Here is the accompanying repository:

Introduction

The primary focus is on leveraging Amazon Bedrock and the OpenAI API for chat functionalities with contextual support.

By utilizing a serverless architecture, we'll create a scalable, maintainable, and cost-efficient (close-to-zero buckets and 100% pay-per-use priced!) application.

Overview of the Project

The project involves creating a chat application that not only allows real-time communication but also uses contextual notes to enrich conversations.

This means that you can create and store notes that will be passed as a context to your chat. The model can reference and utilize previously stored information to make conversations more useful.

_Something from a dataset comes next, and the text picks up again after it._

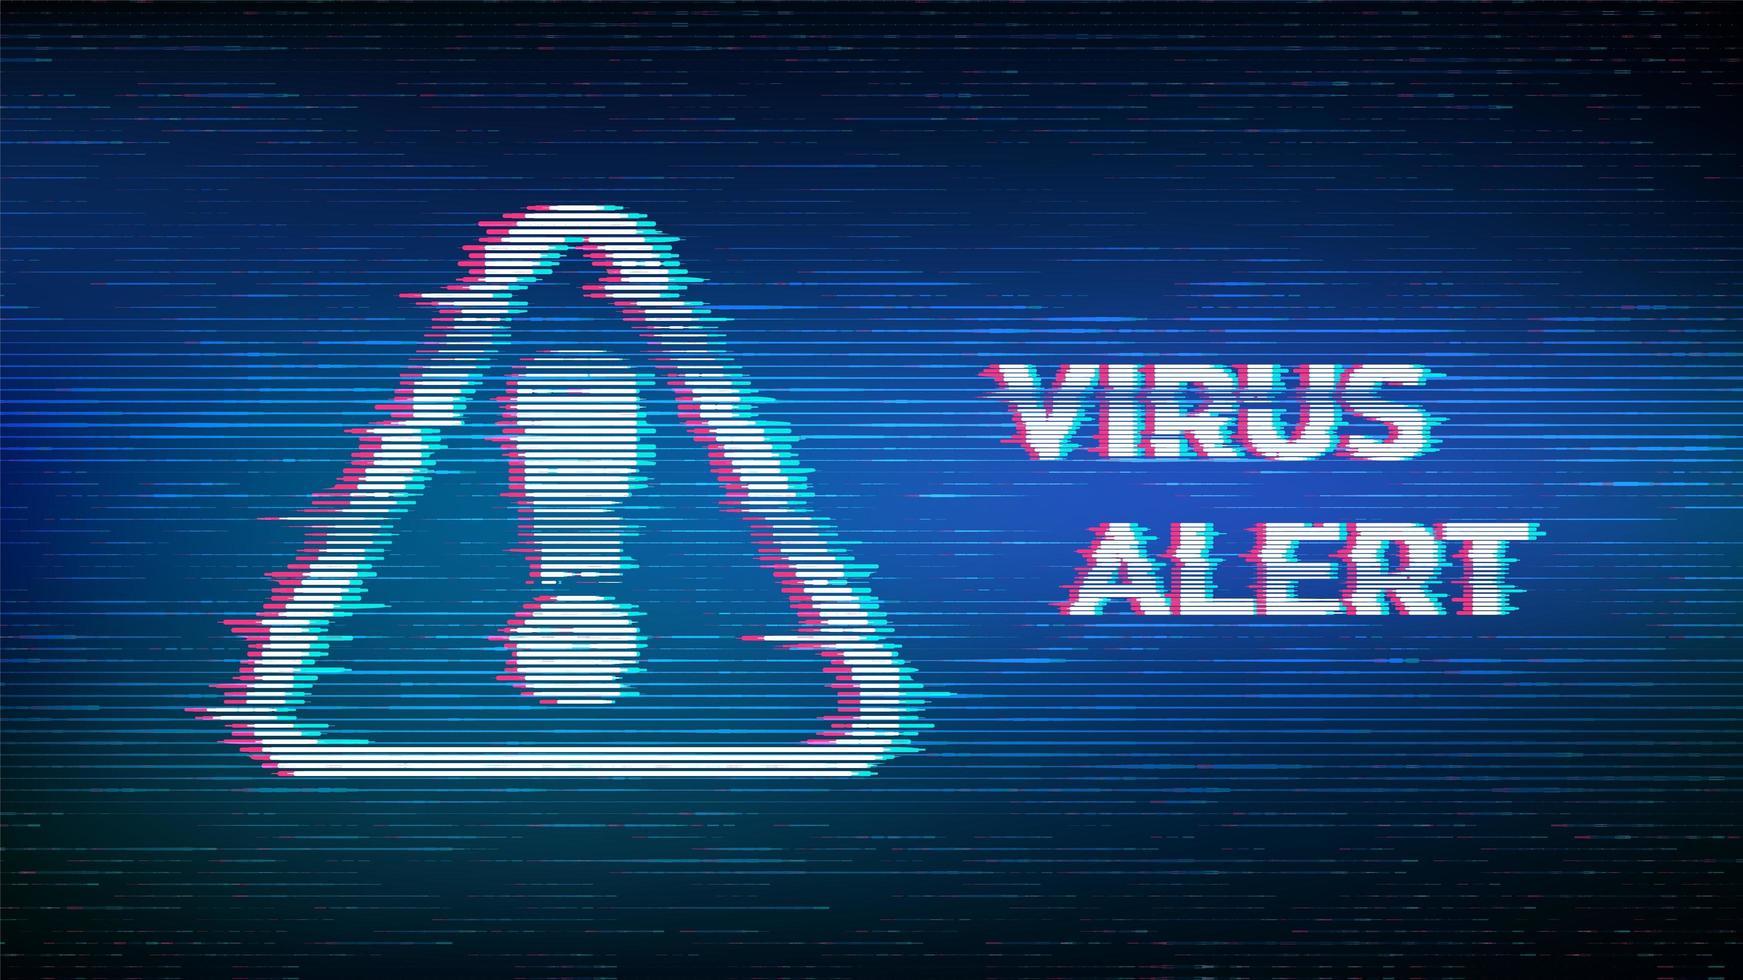 bannière avec alerte de virus et symbole d & # 39; attention glitched vecteur

The integration of Amazon Bedrock provides access to several different AI models (e.g. Titan from Amazon or Claude from Anthropic) that can analyze and understand the context. Additionally, we'll also integrate with the OpenAI API.

Technologies used

The technologies we're using are 100% serverless and pay-per-use. Everything will be deployed to AWS and won't result in any hourly costs:

  • Amazon Bedrock & OpenAI API: Used for processing and understanding natural language within the chat.

  • Serverless Stack (SST): A framework that (drastically) simplifies building and deploying serverless applications on AWS.

  • Next.JS: A React framework that enables server-side rendering and static website generation to build the frontend.

  • DynamoDB: A fast and flexible NoSQL database service for all document-based applications.

  • Lambda: A compute service that lets you run code without provisioning or managing servers.

Architecture of the Application

The architecture of the application is very simple and straightforward:

Architecture Diagram of our application

  • Frontend: A simple web app built with Next.JS. It interacts with the backend through API Gateway, fetching data from and sending data to the AWS Lambda functions.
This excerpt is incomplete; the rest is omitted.